When I run it under "supervisord -n -edebug" (using supervisor 3.0a7) on MacOS 
10.6, I see this (see lines that being "restarting"):

[chr...@snowpro bfgenv]$ bin/supervisord -n -edebug
2009-10-03 13:34:41,101 INFO Increased RLIMIT_NOFILE limit to 1024
2009-10-03 13:34:41,221 INFO RPC interface 'supervisor' initialized
2009-10-03 13:34:41,221 WARN cElementTree not installed, using slower XML 
parser for XML-RPC
2009-10-03 13:34:41,221 CRIT Server 'inet_http_server' running without any HTTP 
authentication checking
2009-10-03 13:34:41,222 INFO supervisord started with pid 49246
2009-10-03 13:34:42,226 INFO spawned: 'memmon' with pid 49248
2009-10-03 13:34:42,231 INFO spawned: 'osi' with pid 49249
2009-10-03 13:34:42,239 INFO spawned: 'zeo' with pid 49250
2009-10-03 13:34:43,241 INFO success: memmon entered RUNNING state, process has 
stayed up for > than 1 seconds (startsecs)
2009-10-03 13:34:43,241 INFO success: osi entered RUNNING state, process has 
stayed up for > than 1 seconds (startsecs)
2009-10-03 13:34:43,250 INFO success: zeo entered RUNNING state, process has 
stayed up for > than 1 seconds (startsecs)
2009-10-03 13:34:43,370 DEBG 'memmon' stdout output:
READY

2009-10-03 13:34:43,371 DEBG memmon: ACKNOWLEDGED -> READY
2009-10-03 13:34:43,705 DEBG 'zeo' stdout output:
------
2009-10-03T13:34:43 INFO ZEO.runzeo (49250) created PID file './var/ZEO.pid'

2009-10-03 13:34:43,706 DEBG 'zeo' stdout output:
------
2009-10-03T13:34:43 INFO ZEO.runzeo (49250) opening storage '1' using 
BlobStorage

2009-10-03 13:34:43,749 DEBG 'zeo' stdout output:
------
2009-10-03T13:34:43 INFO ZODB.blob (49250) Blob directory `./var/blobs` has 
layout marker set. Selected `bushy` layout.
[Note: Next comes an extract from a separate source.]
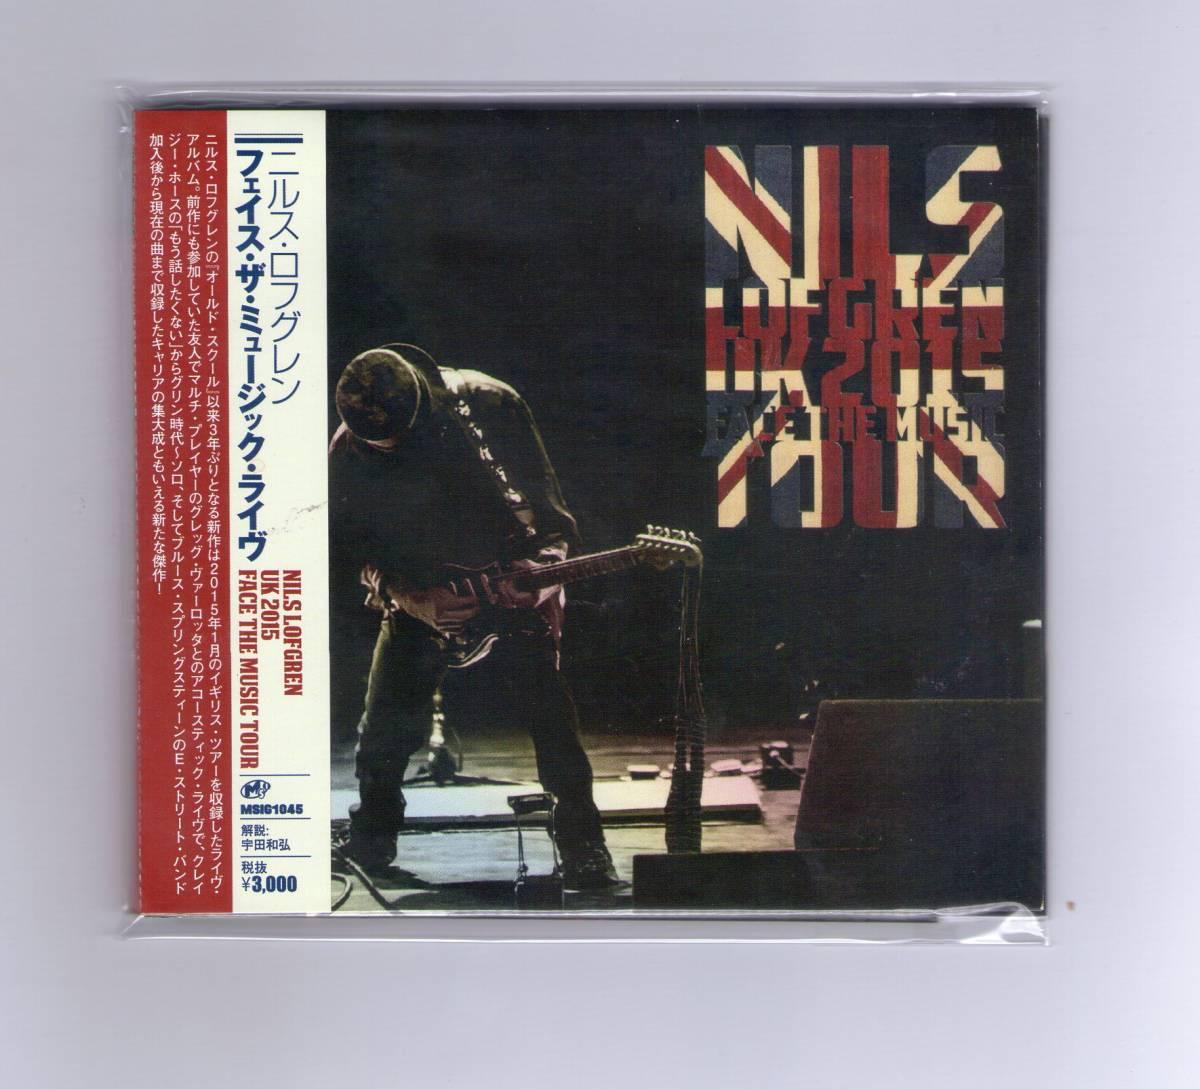 ニルス・ロフグレン nils lofdgren /フェイス・ザ・ミュージック・ライヴ 解説付 1900円即決!_画像1

2009-10-03 13:34:43,793 DEBG 'zeo' stdout output:
------
2009-10-03T13:34:43 INFO ZEO.StorageServer (49250) StorageServer created RW 
with storages: 1:RW:./var/osi.db

2009-10-03 13:34:44,156 DEBG 'zeo' stdout output:
------
2009-10-03T13:34:44 INFO ZEO.zrpc (49250) listening on ('', 8884)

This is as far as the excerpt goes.